● **STORED DATA**

----------

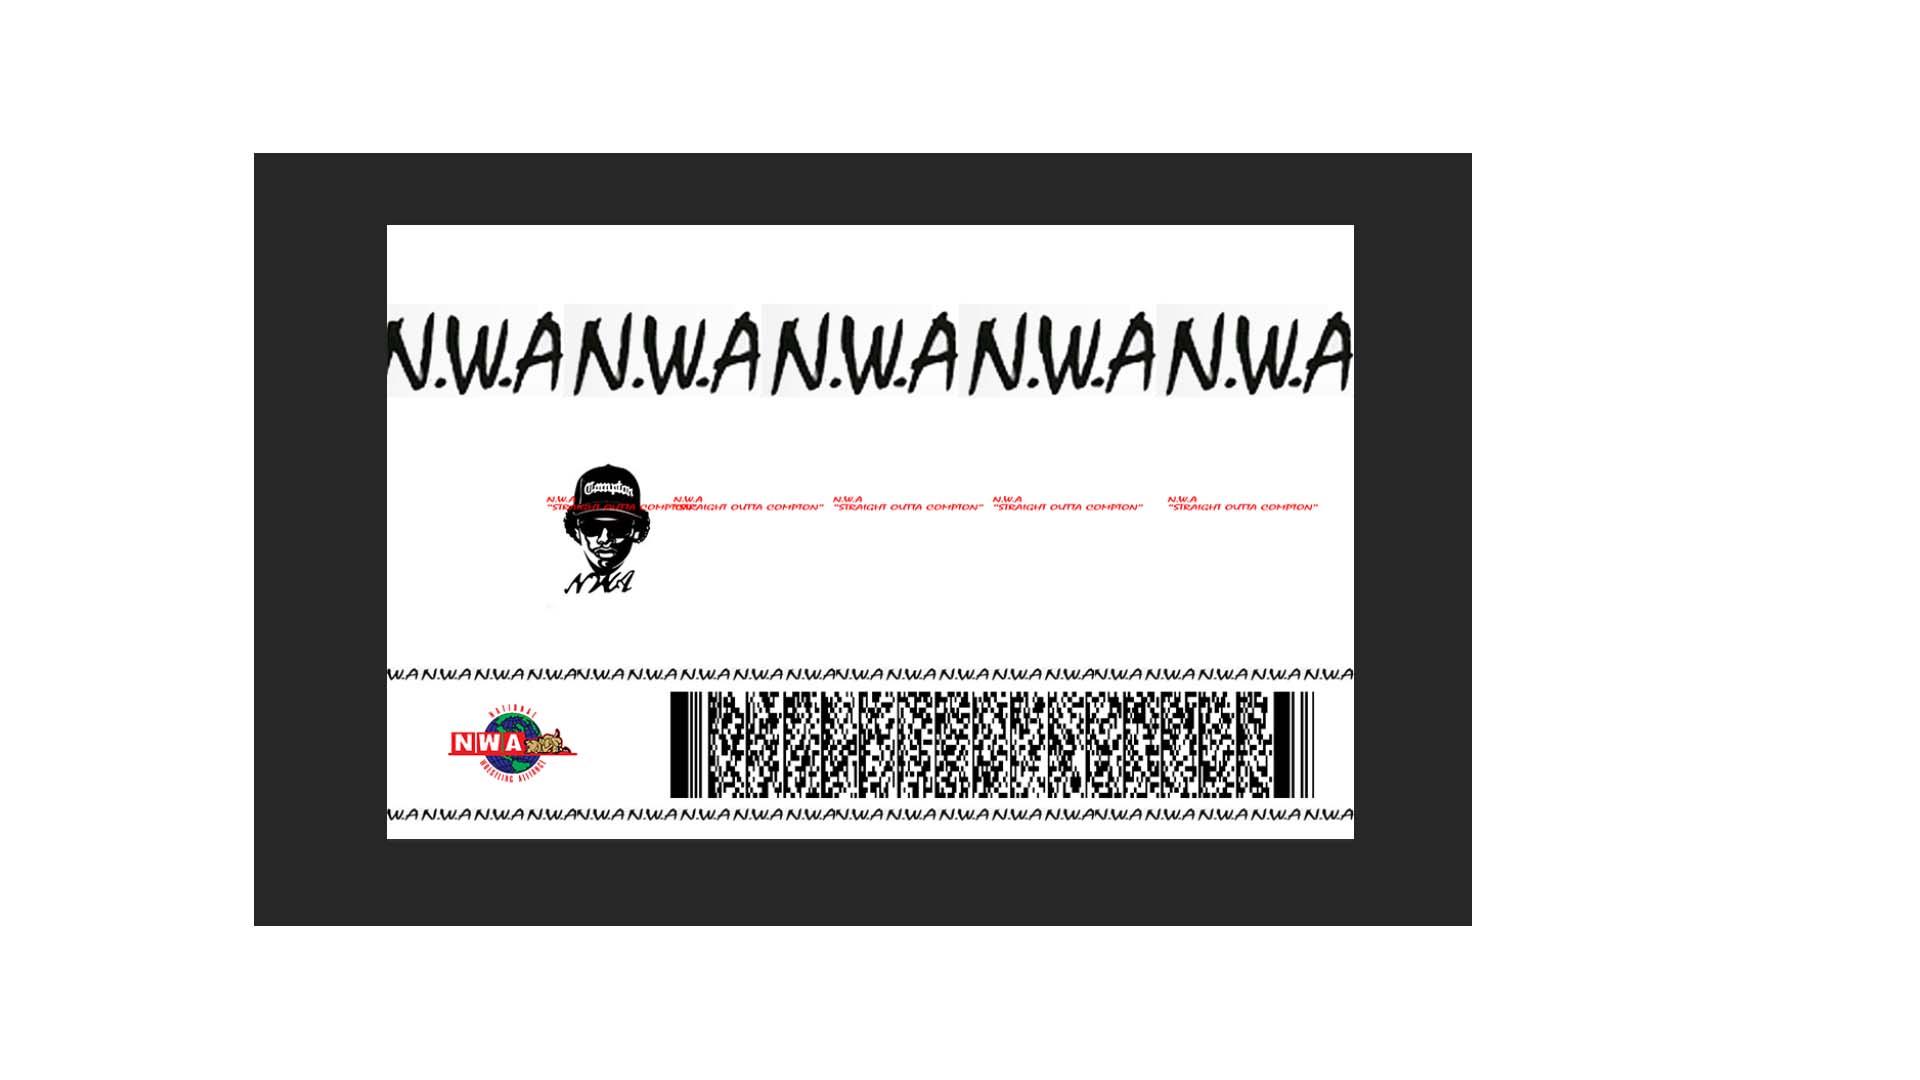 nWAback.jpg
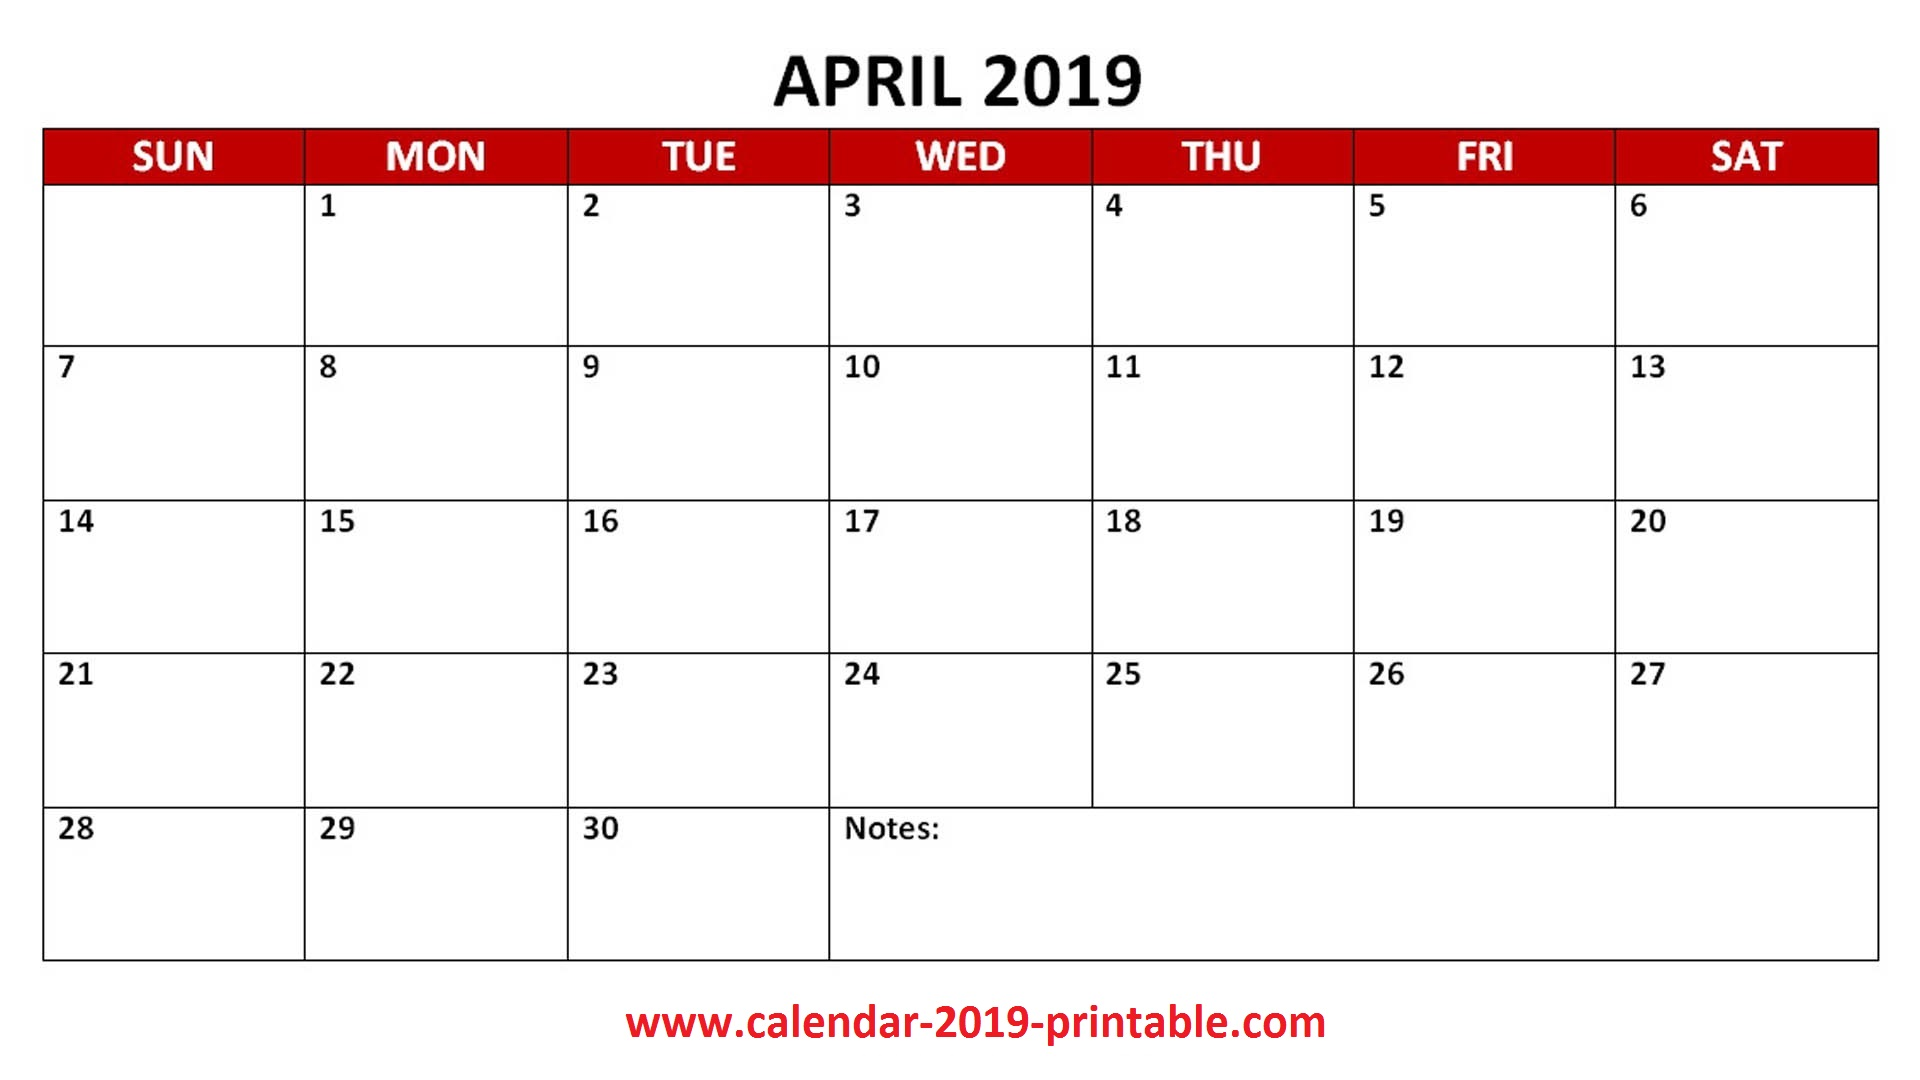 April 2019 Printable Calendar PDF
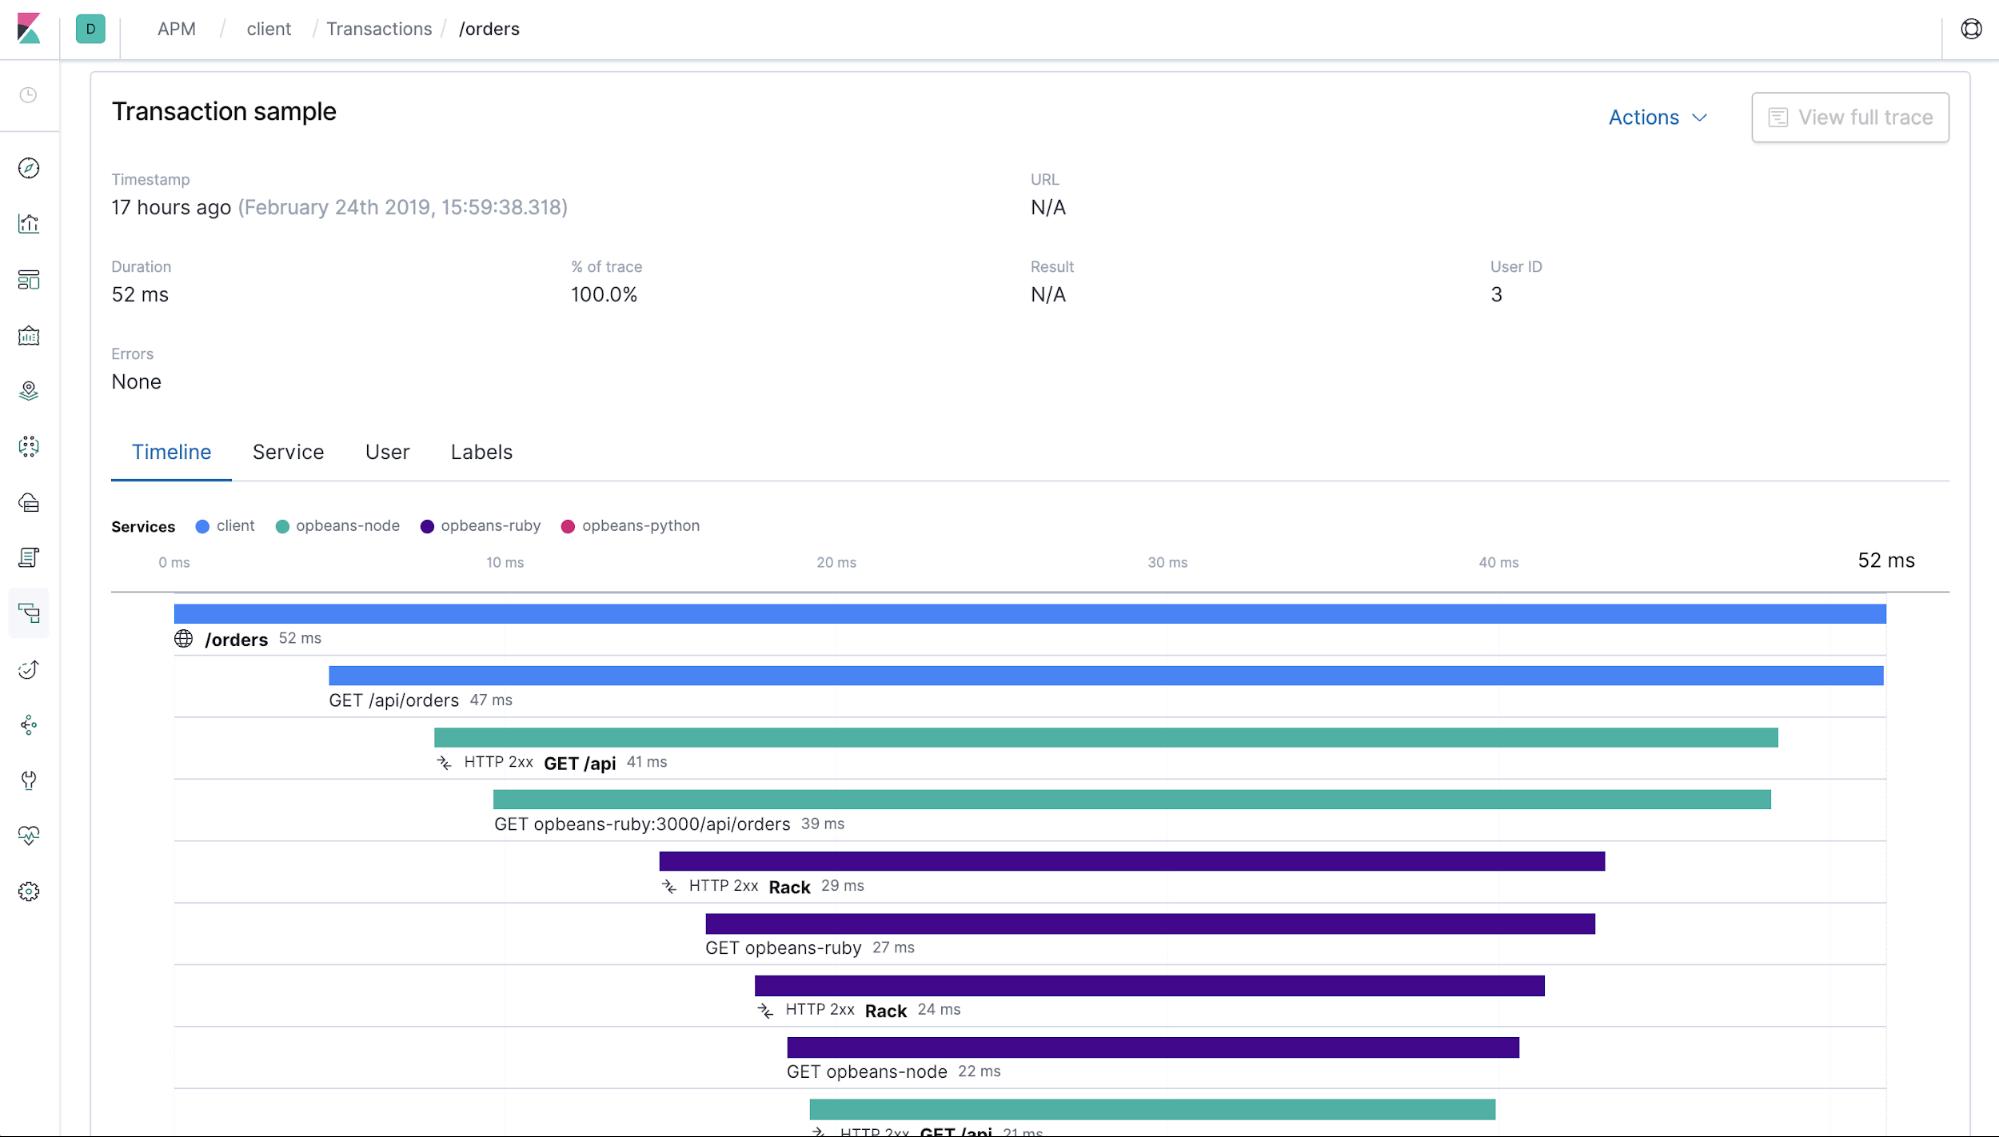 APM dashboard showing transaction sample
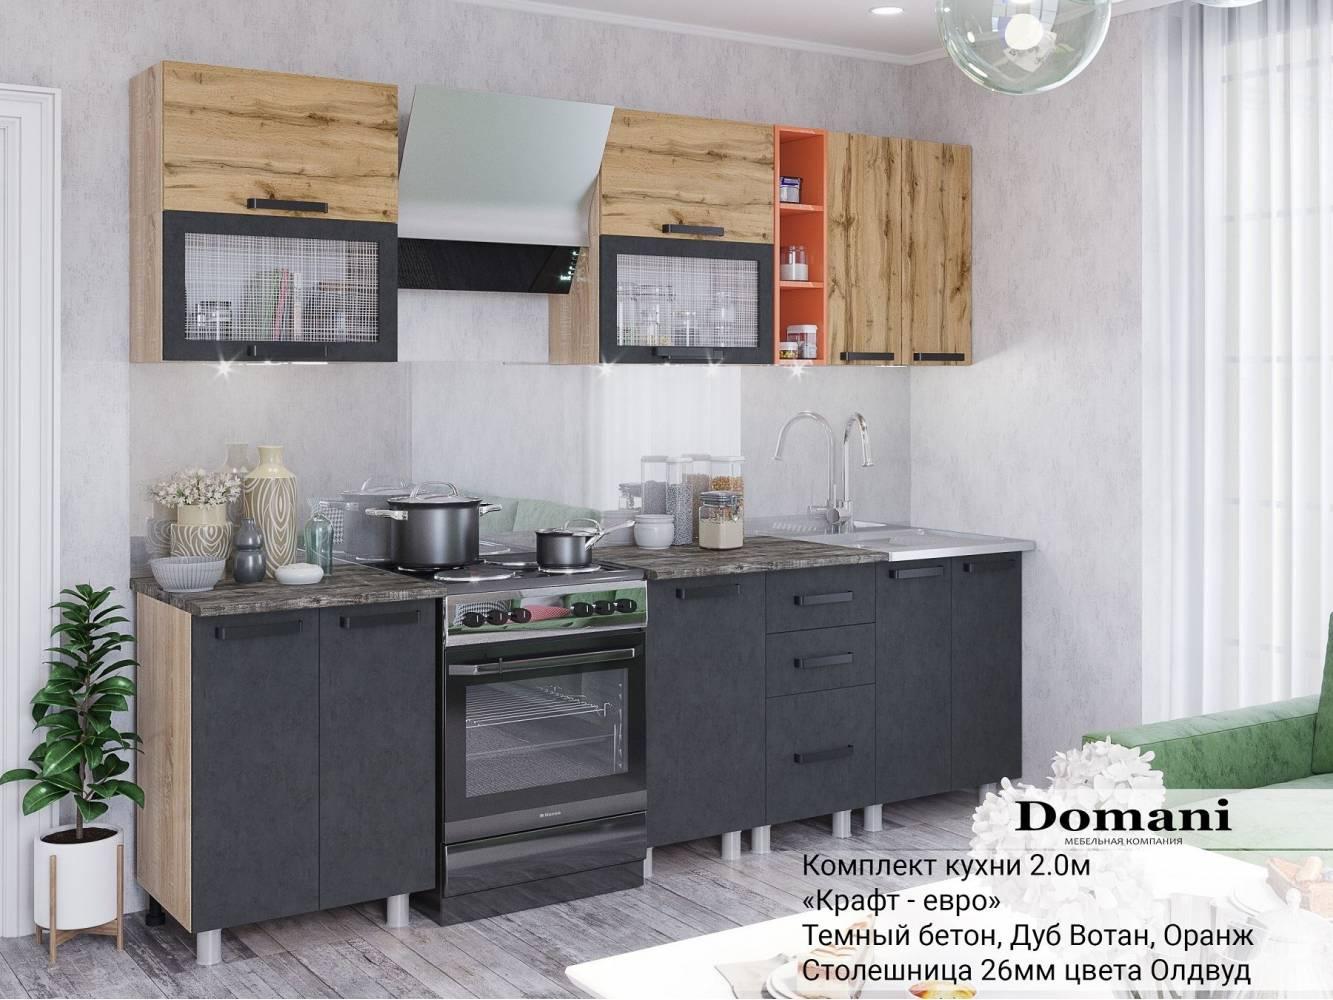 Комплект кухни 2,0 м Крафт-евро Темный бетон, Дуб Вотан, Оранж
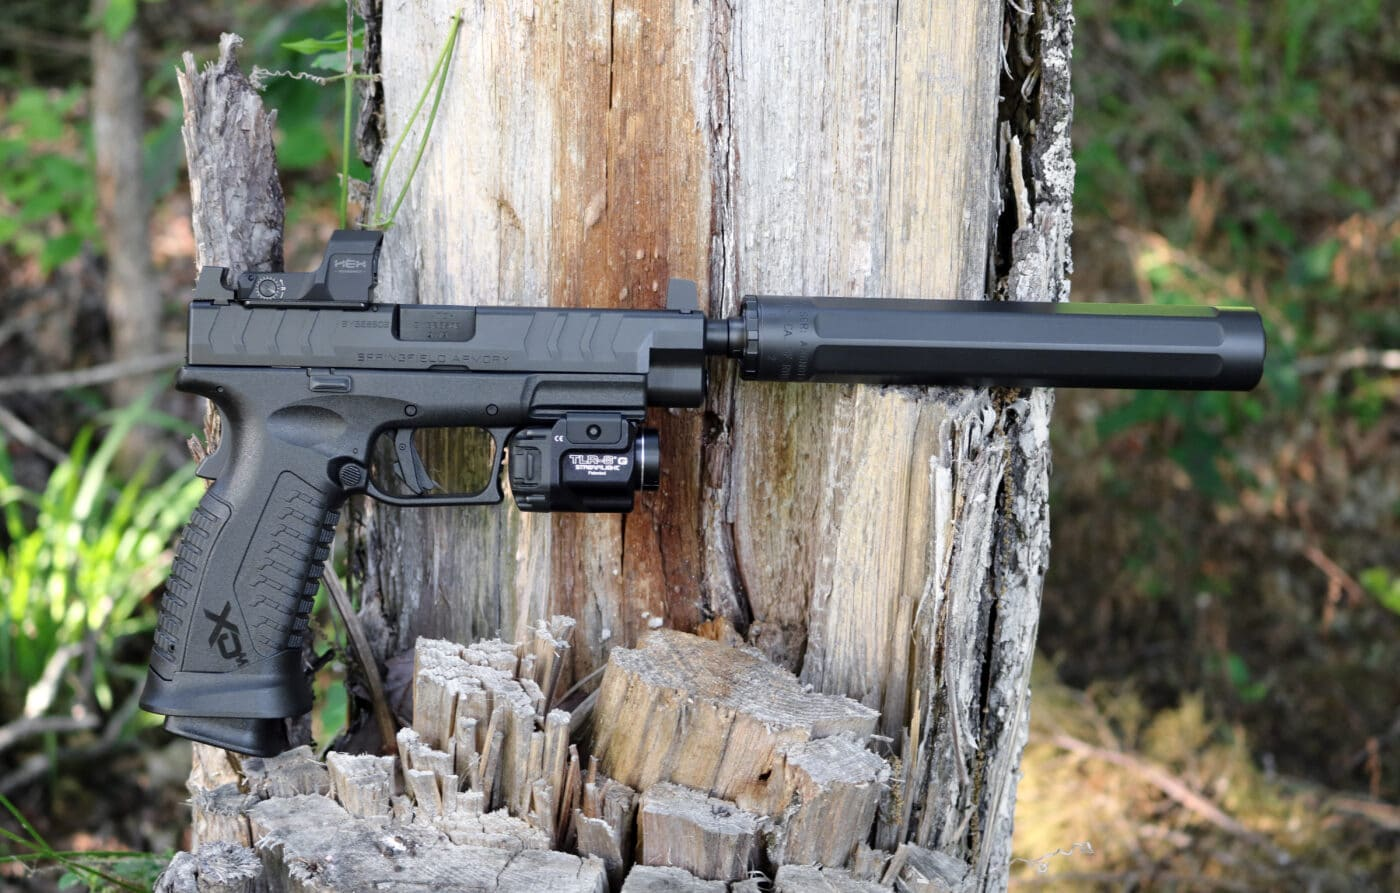 Surefire Ryder 9-Ti2 Sound Suppressor on an XD-M Elite OSP pistol

----------

● **TASK DESCRIPTION**
Every line of the material must be returned verbatim, and pictures must be left behind.

● **RESPONSE AREA**
 nWAback.jpg
 April 2019 Printable Calendar PDF
 APM dashboard showing transaction sample
 Комплект кухни 2,0 м Крафт-евро Темный бетон, Дуб Вотан, Оранж
 Surefire Ryder 9-Ti2 Sound Suppressor on an XD-M Elite OSP pistol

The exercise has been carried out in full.